EXERCISE DESCRIPTION: Copying rule for the data below: pictures stay out, and only the lines from the one with "Multi-event & Cobra Production" down to the one with "Ashley Benson 2017", inclusive, are repeated exactly.

DATASET:

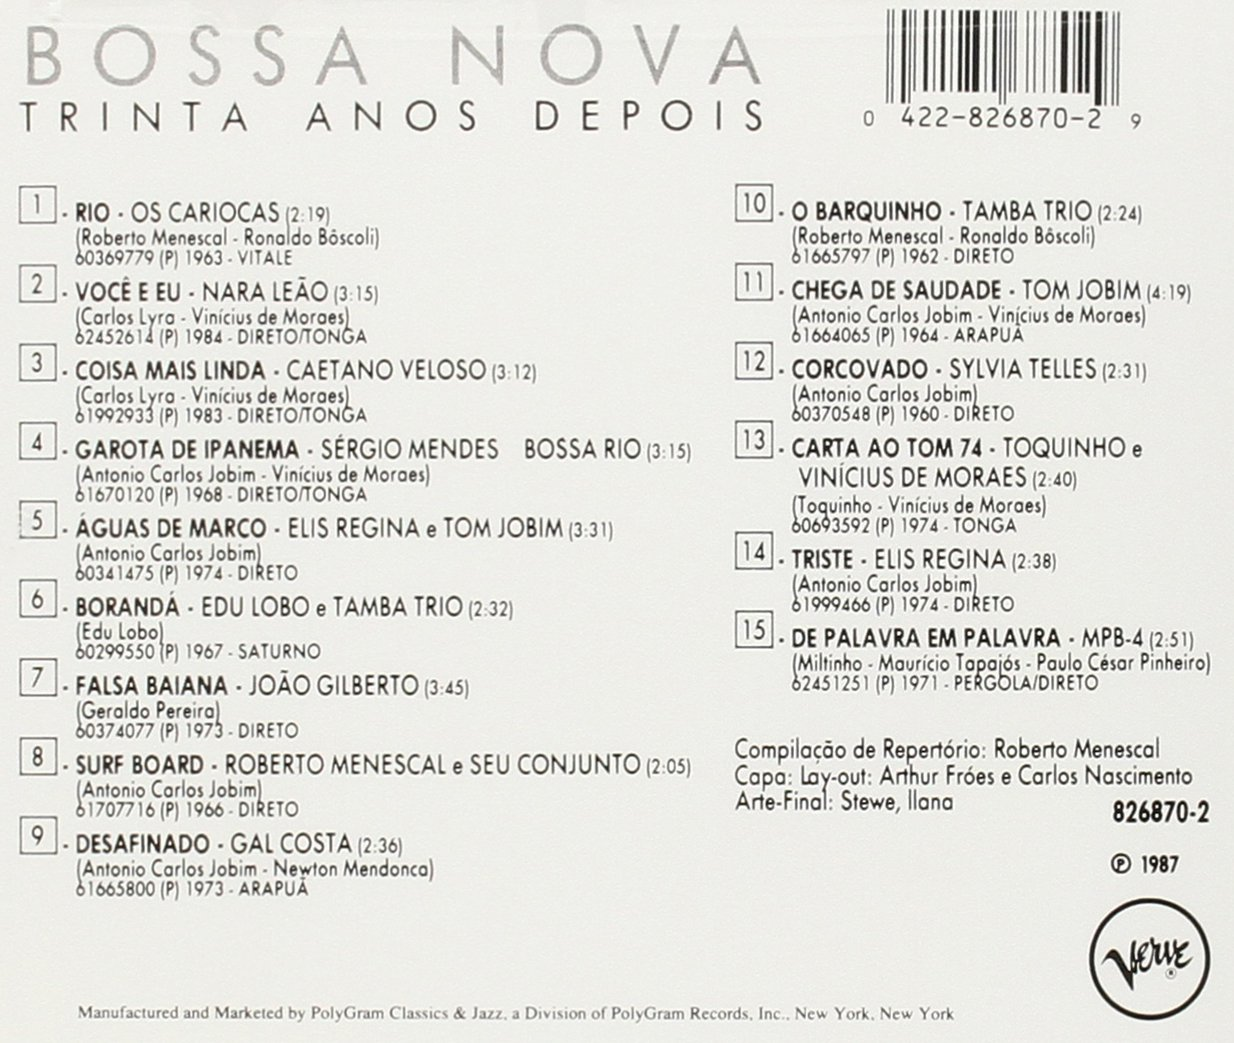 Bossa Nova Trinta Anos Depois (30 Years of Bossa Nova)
---
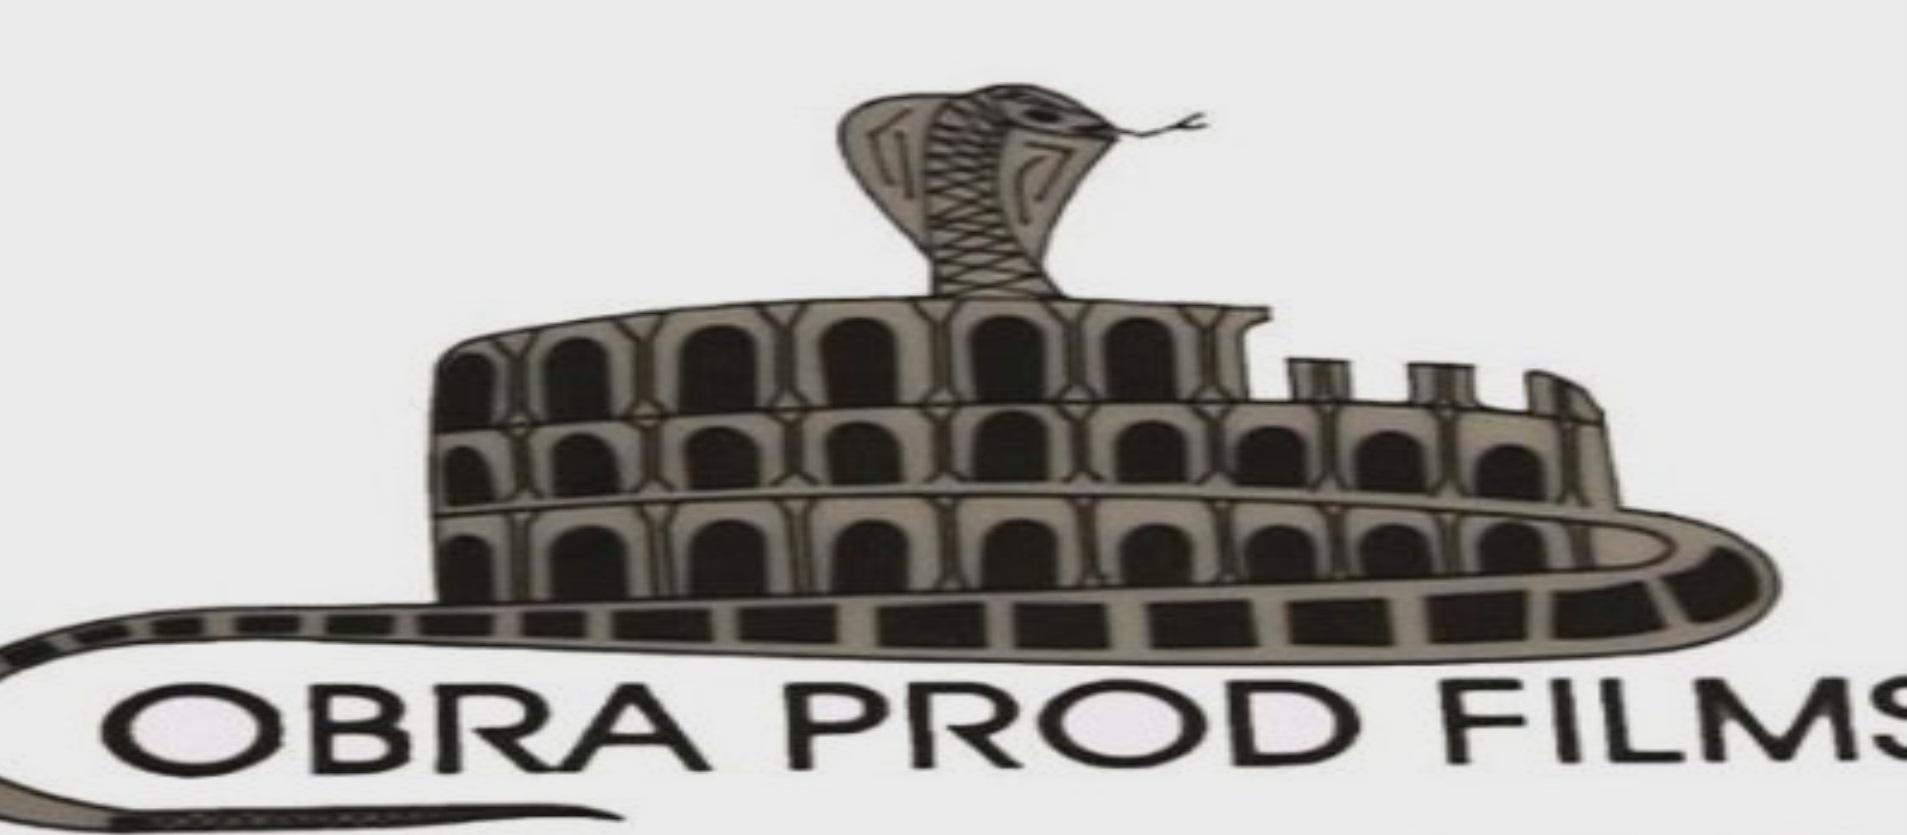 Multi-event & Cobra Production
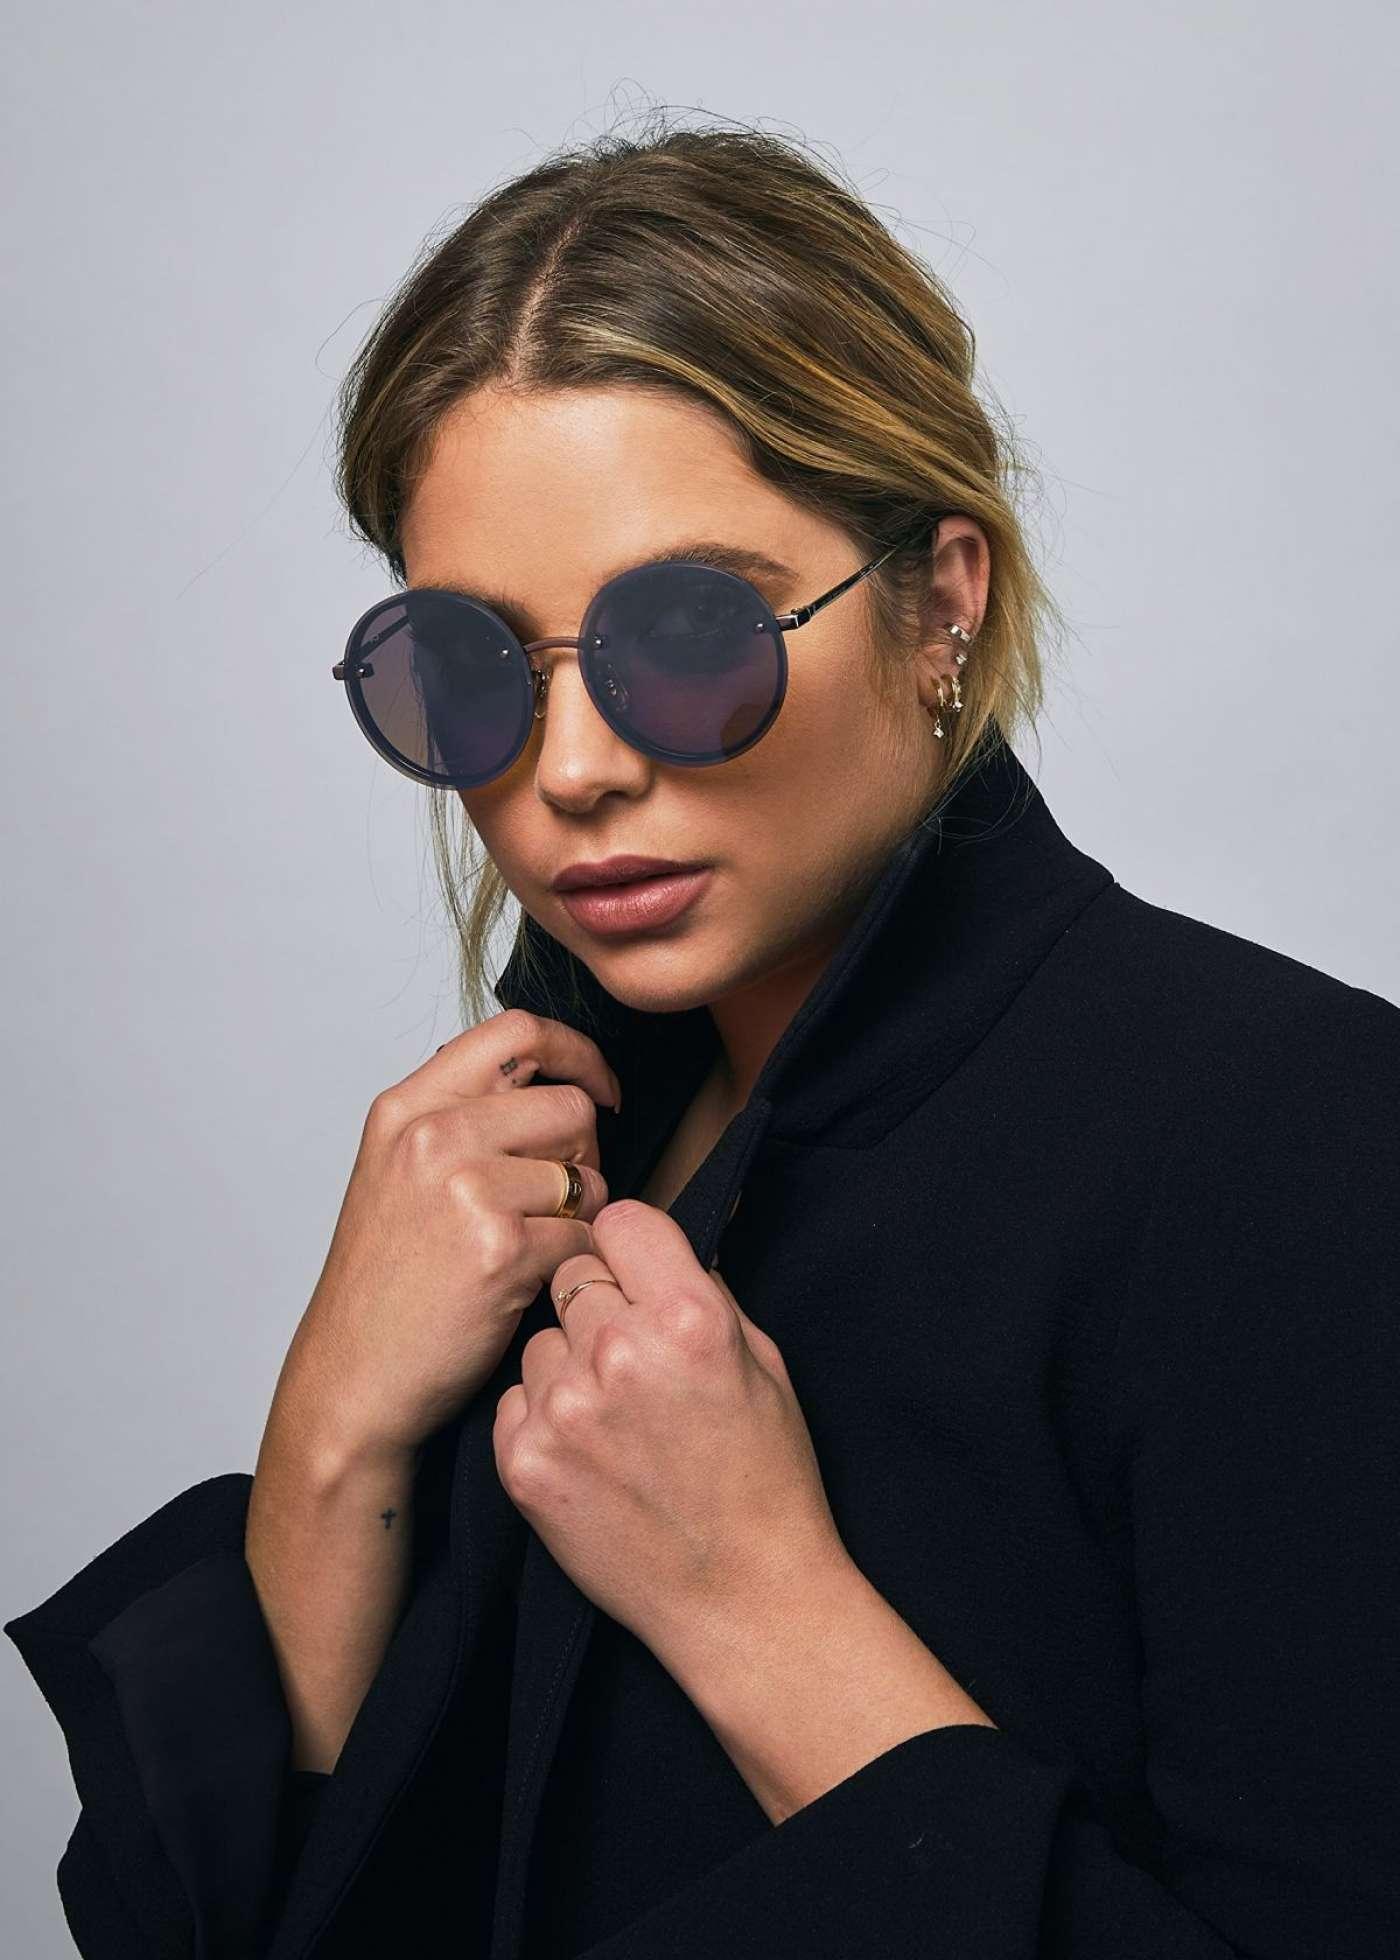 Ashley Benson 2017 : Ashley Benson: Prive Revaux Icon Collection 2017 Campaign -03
...
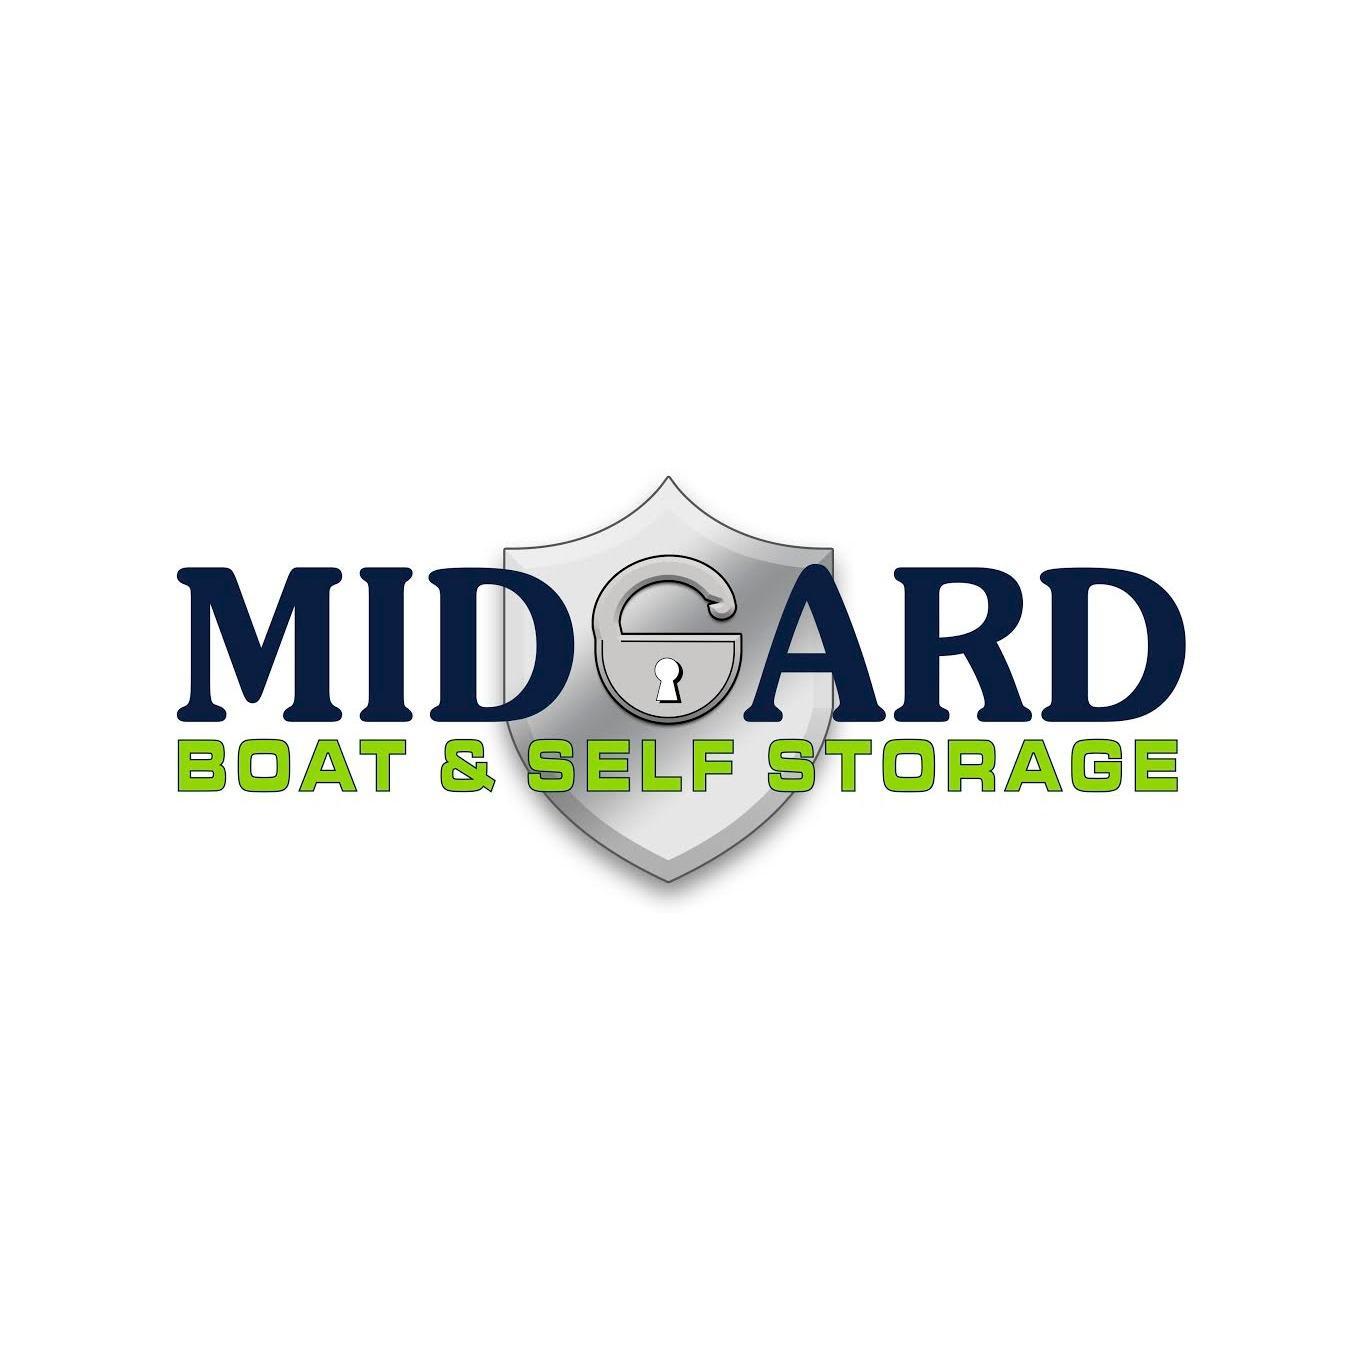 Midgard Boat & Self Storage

PROBLEM SOLUTION:
 Multi-event & Cobra Production
 Ashley Benson 2017 : Ashley Benson: Prive Revaux Icon Collection 2017 Campaign -03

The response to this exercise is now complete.